[Opening Data block section]

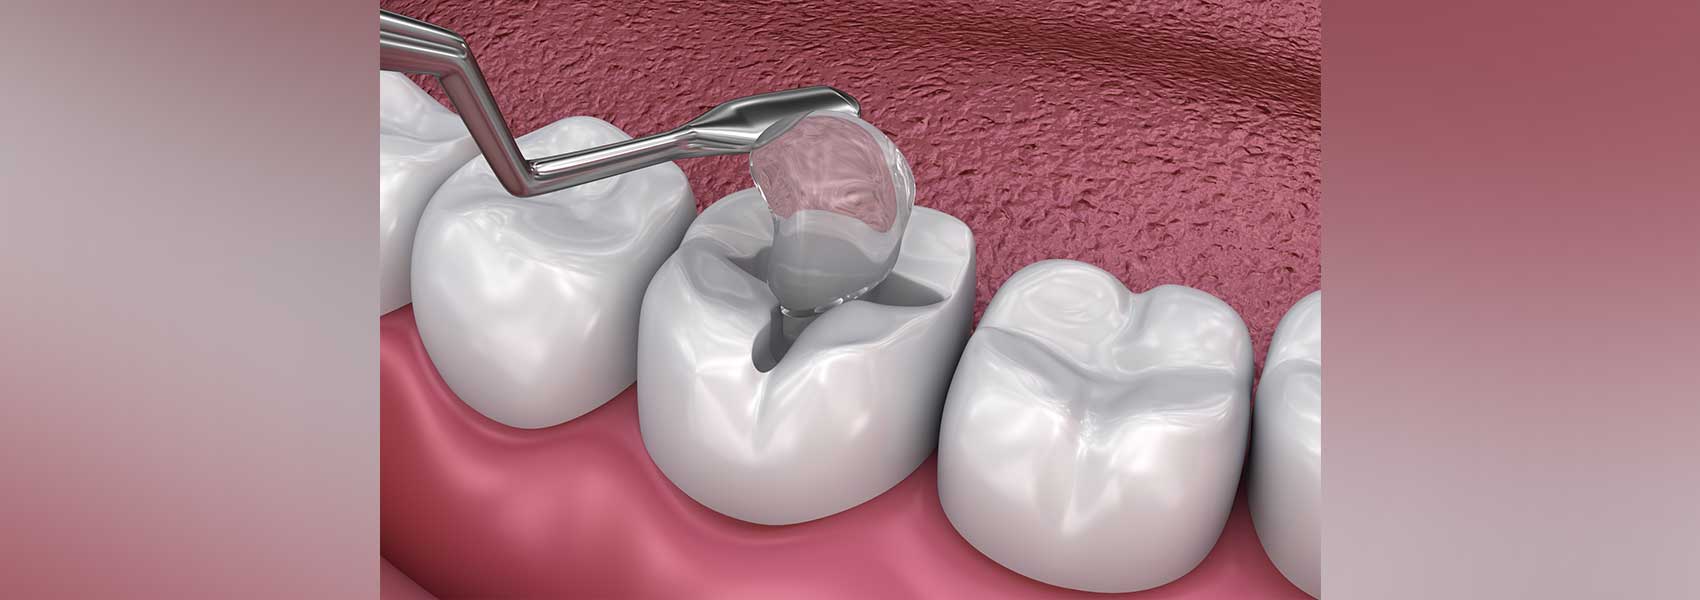 Dental fillings
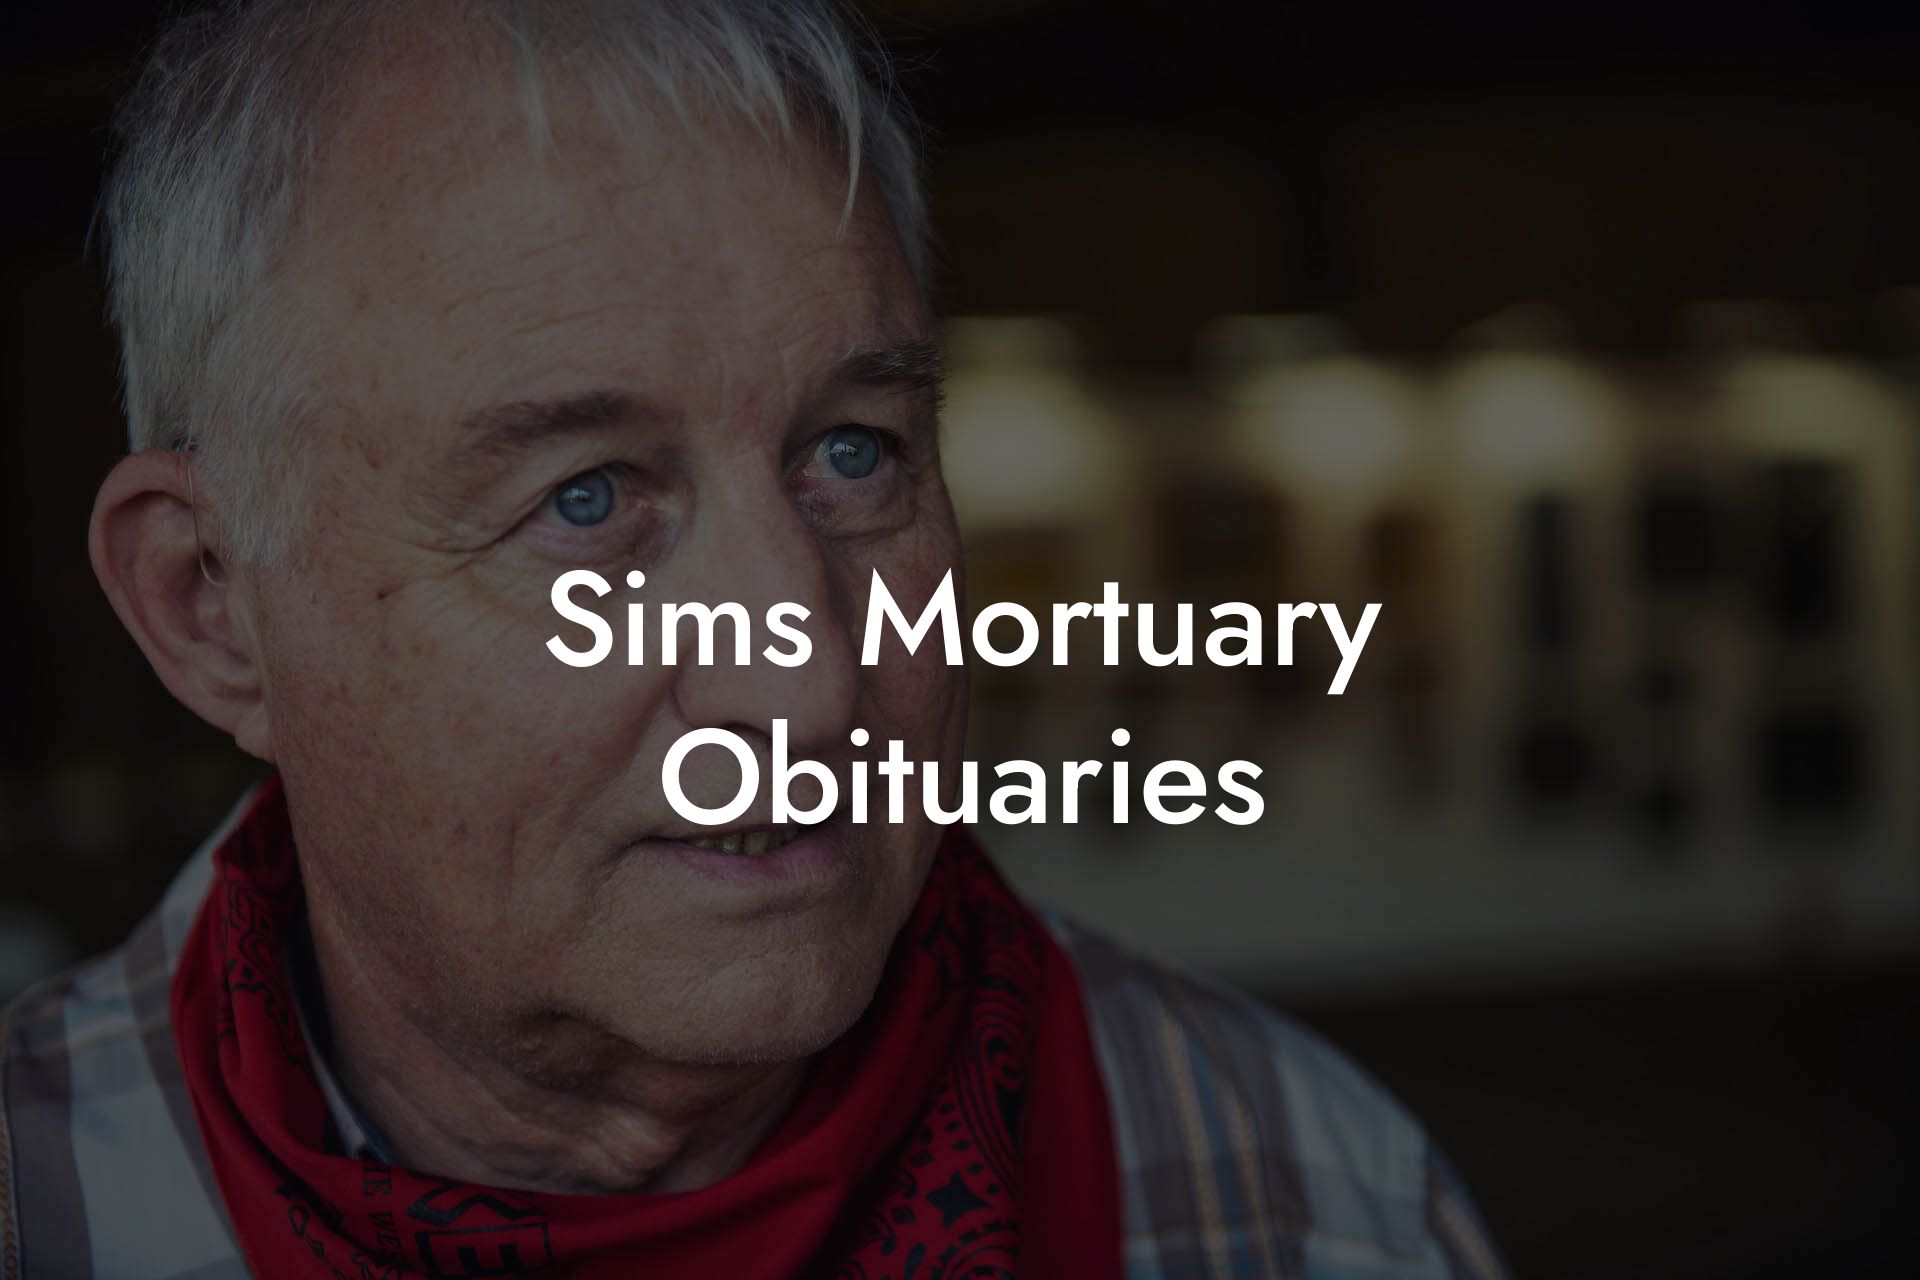 Sims Mortuary Obituaries
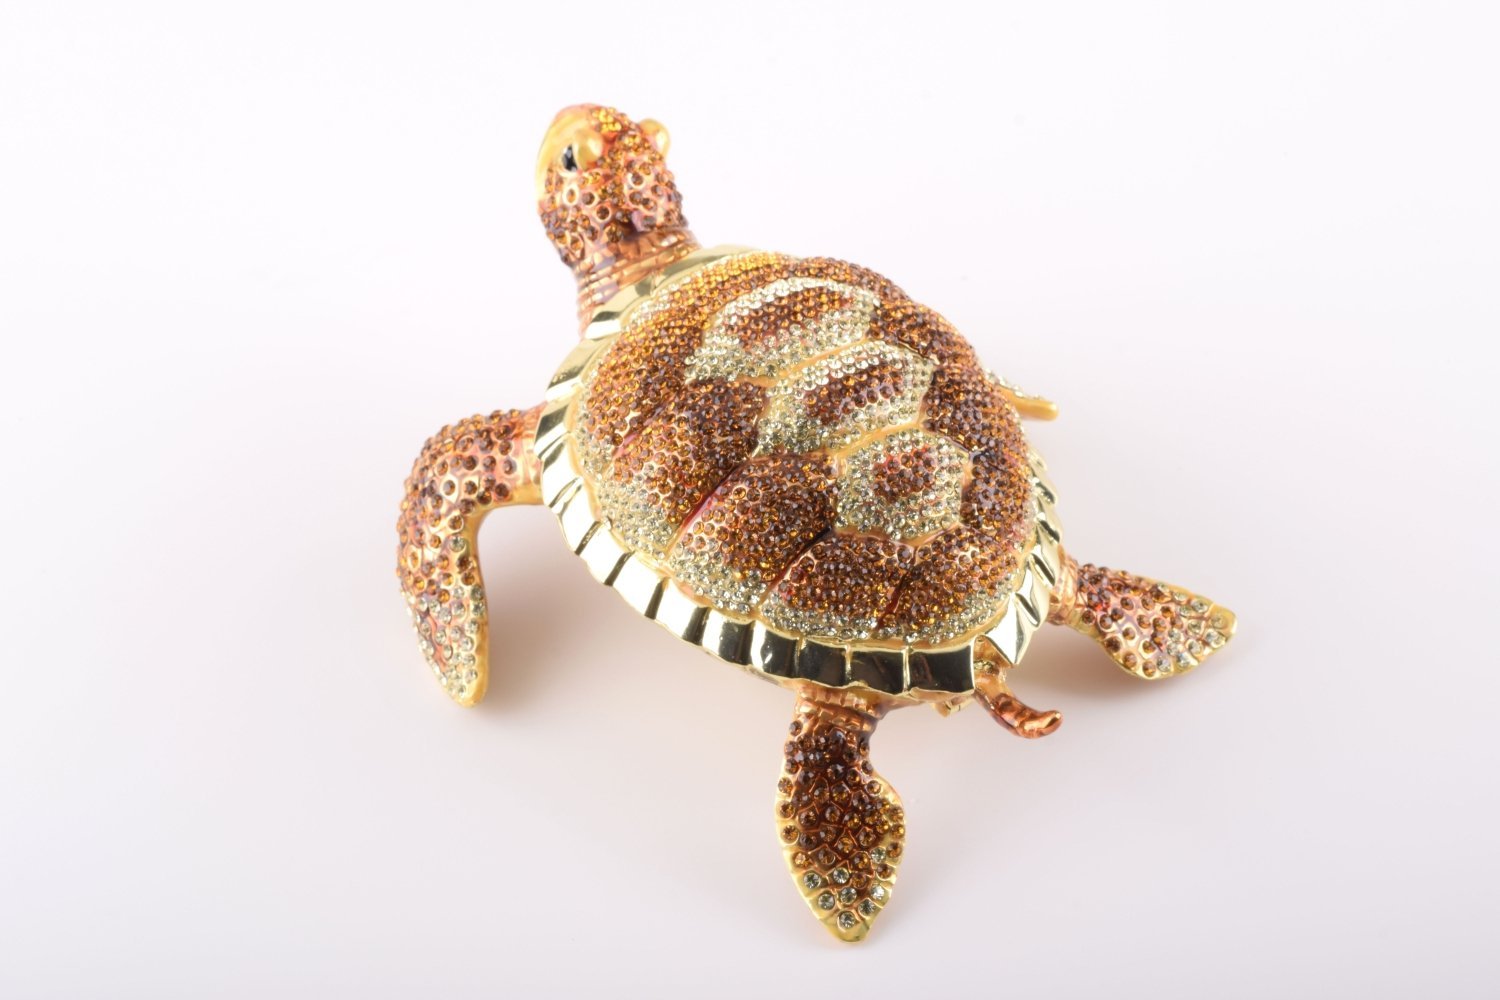 Keren Kopal Large Brown Sea Turtle  215.00
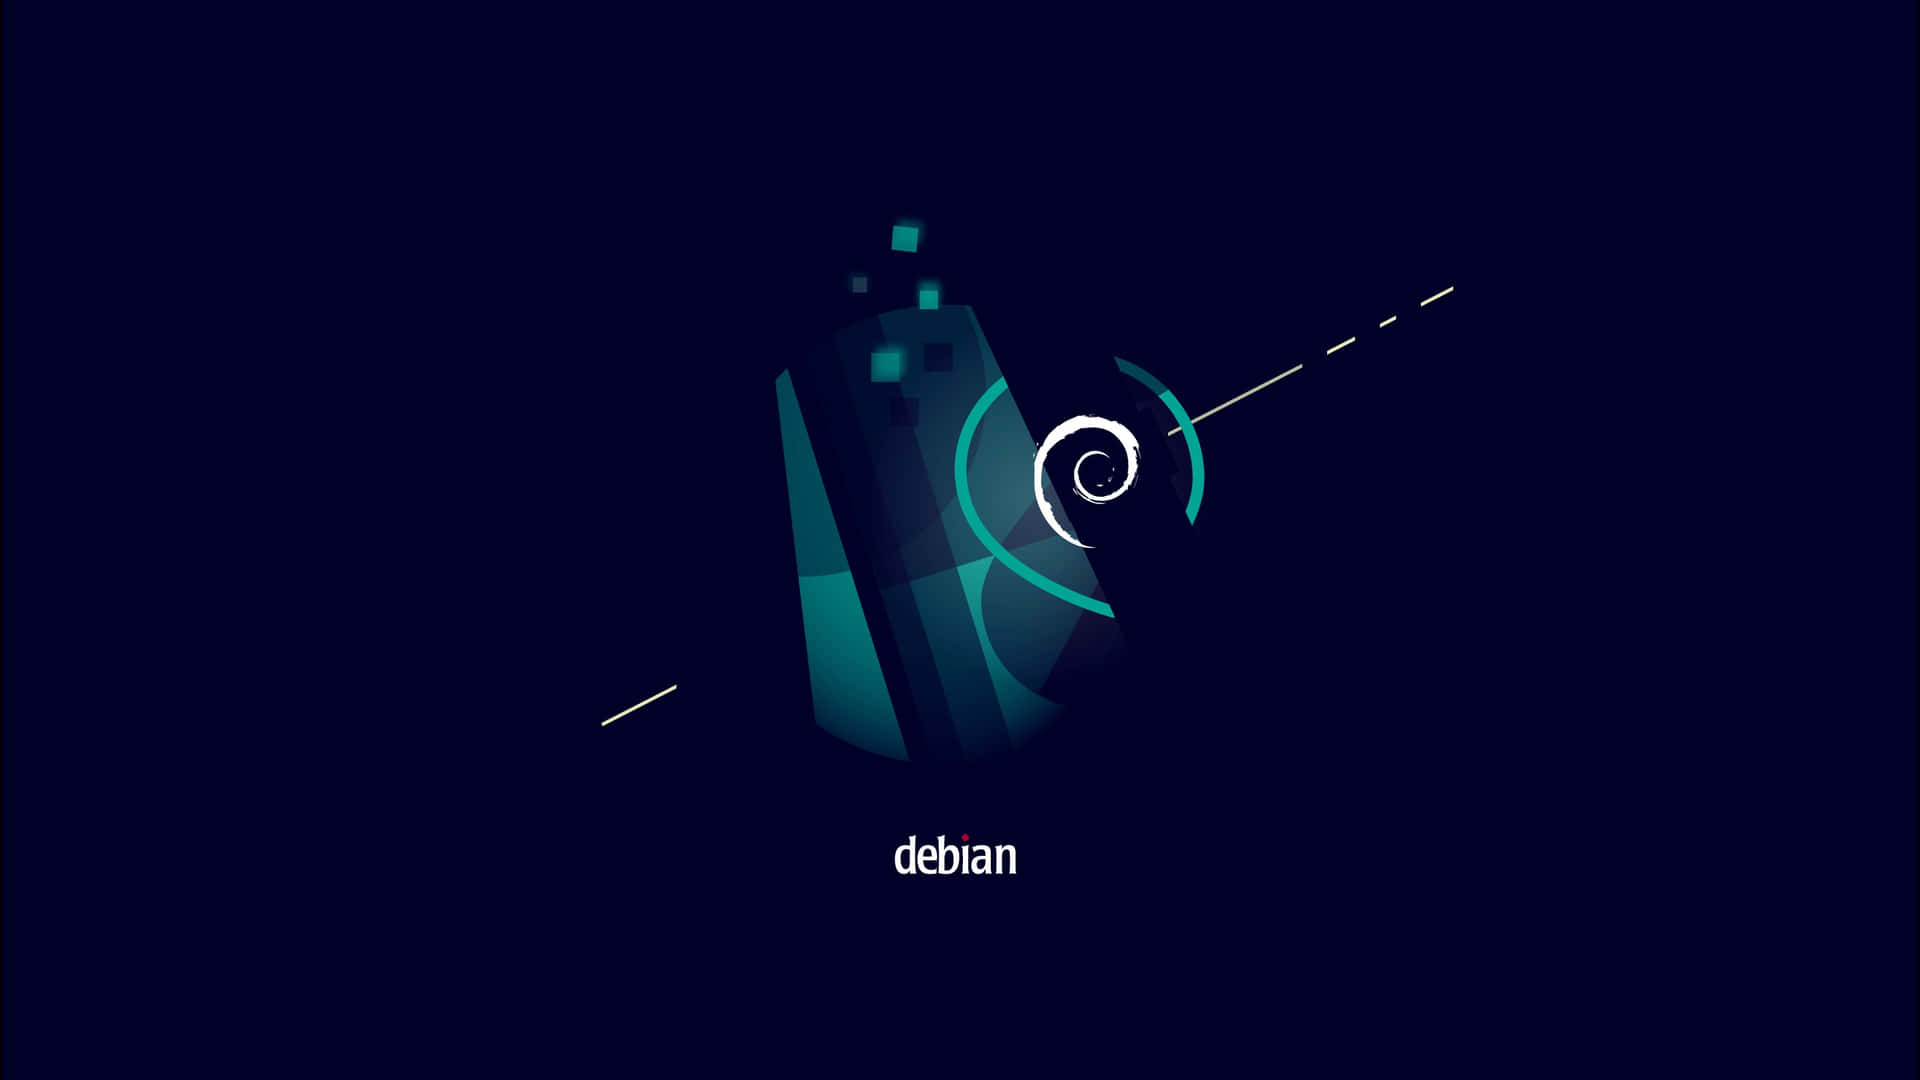 Debian Abstract Art Wallpaper Wallpaper

[Closing Data block section]

■ Try it
Once the line containing "Keren Kopal Large" is found, write it out exactly along with every line after it through the end of the listing, excluding pictures.

■ Task solution
 Keren Kopal Large Brown Sea Turtle  215.00
 Debian Abstract Art Wallpaper Wallpaper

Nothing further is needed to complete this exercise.